Operating system roles may be defined to provide users access to computer resources, such as files, computer setup and configuration tasks, application programs and specific features within applications, separately from the permissions associated with the user's login. Permission levels may be designated directly to roles, providing a level of abstraction beyond user login access permissions. Thus, role members may gain access to a resource through the permissions of a role, and similarly, other authorized users will not be denied access to a resource based on a change to the role.

Description

    CROSS-REFERENCE TO RELATED APPLICATION
  • The present application claims priority to U.S. provisional patent application, Ser. No. 60/733,180, filed Nov. 4, 2005, having the same title, whose contents are expressly incorporated by reference.
  • BACKGROUND
  • Computer file systems that exist today implement access control security on files and folders individually, thus allowing a user to be isolated from another user while accessing the same file system. For example, a first file may have security settings that permit only user A to access the first file. This security setting on the first file allows another user B to use the same file system without the concern that user B will wrongfully access the first file. The ability to isolate users on the same file system results in privacy of files. There is an array of permissions that can correspond to files and folders, such as read, write, and execute permissions. Also, if users desire, users can choose to change the security permissions on their files and folders to allow other users any of the array of permissions.

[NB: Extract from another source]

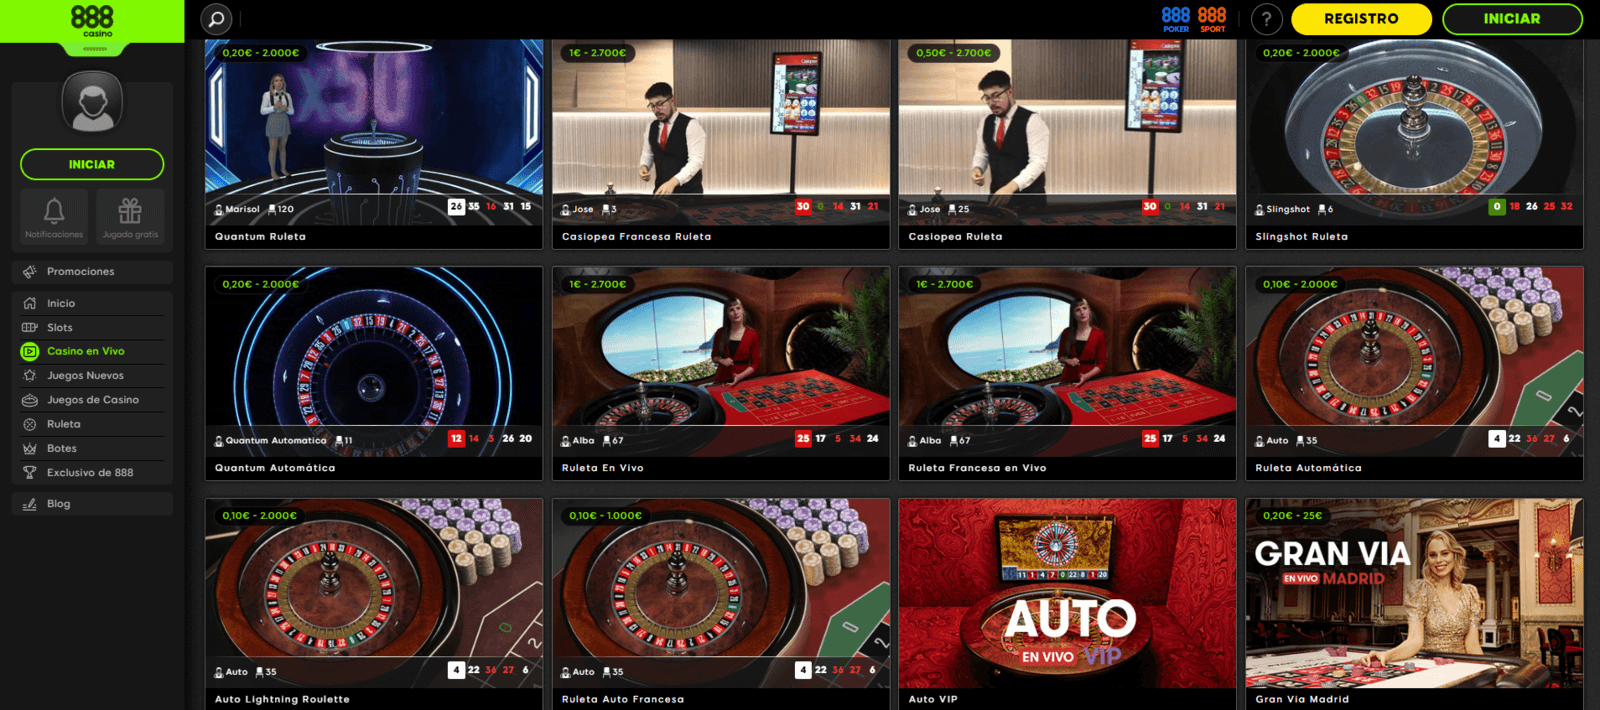 Jugar en vivo en 888 Casino online por dinero real en 888.es

  • On the WINDOWS® brand operating system by Microsoft Corporation of Redmond, Wash., this security architecture is managed through an Access Control List (ACL). An ACL effectively states what rights various users have for a particular file or folder. These rights include, read, write, execute, modify, and security permissions, among others. For instance, a user might not be allowed to view a given file at all; or, the user may only be able to read the file; or, the user may be given rights to modify the file; or, the user may be given rights to change the ACL of the file, etc. There is a full spectrum of ACL permissions beyond those mentioned. The default permission on a given item may be inherited from the permissions of the folder in which it was created. Additionally, when a folder is shared with another user, thus changing its permissions, the operating system may iterate through all the files beneath that folder and apply the change to the ACL for each file in the shared folder.
  • A problem with this model is that the ACL on any given item is based on a user ID. The ACL states that user1 has access permission to the file or folder, but the reason for the grant of that permission is not provided in the ACL. Also, when removing permissions for a group of files, it is impossible to determine whether a permission for a particular file should remain because it was or would have been granted for a reason independent from that which concerns the group of files having the permission removed. If user1 has been given permission to access filel because of reason1 and reason2, when reason1 becomes void and the access permission for user1l is removed, it is impossible to realize from the ACL whether the permission should be retained because of reason2.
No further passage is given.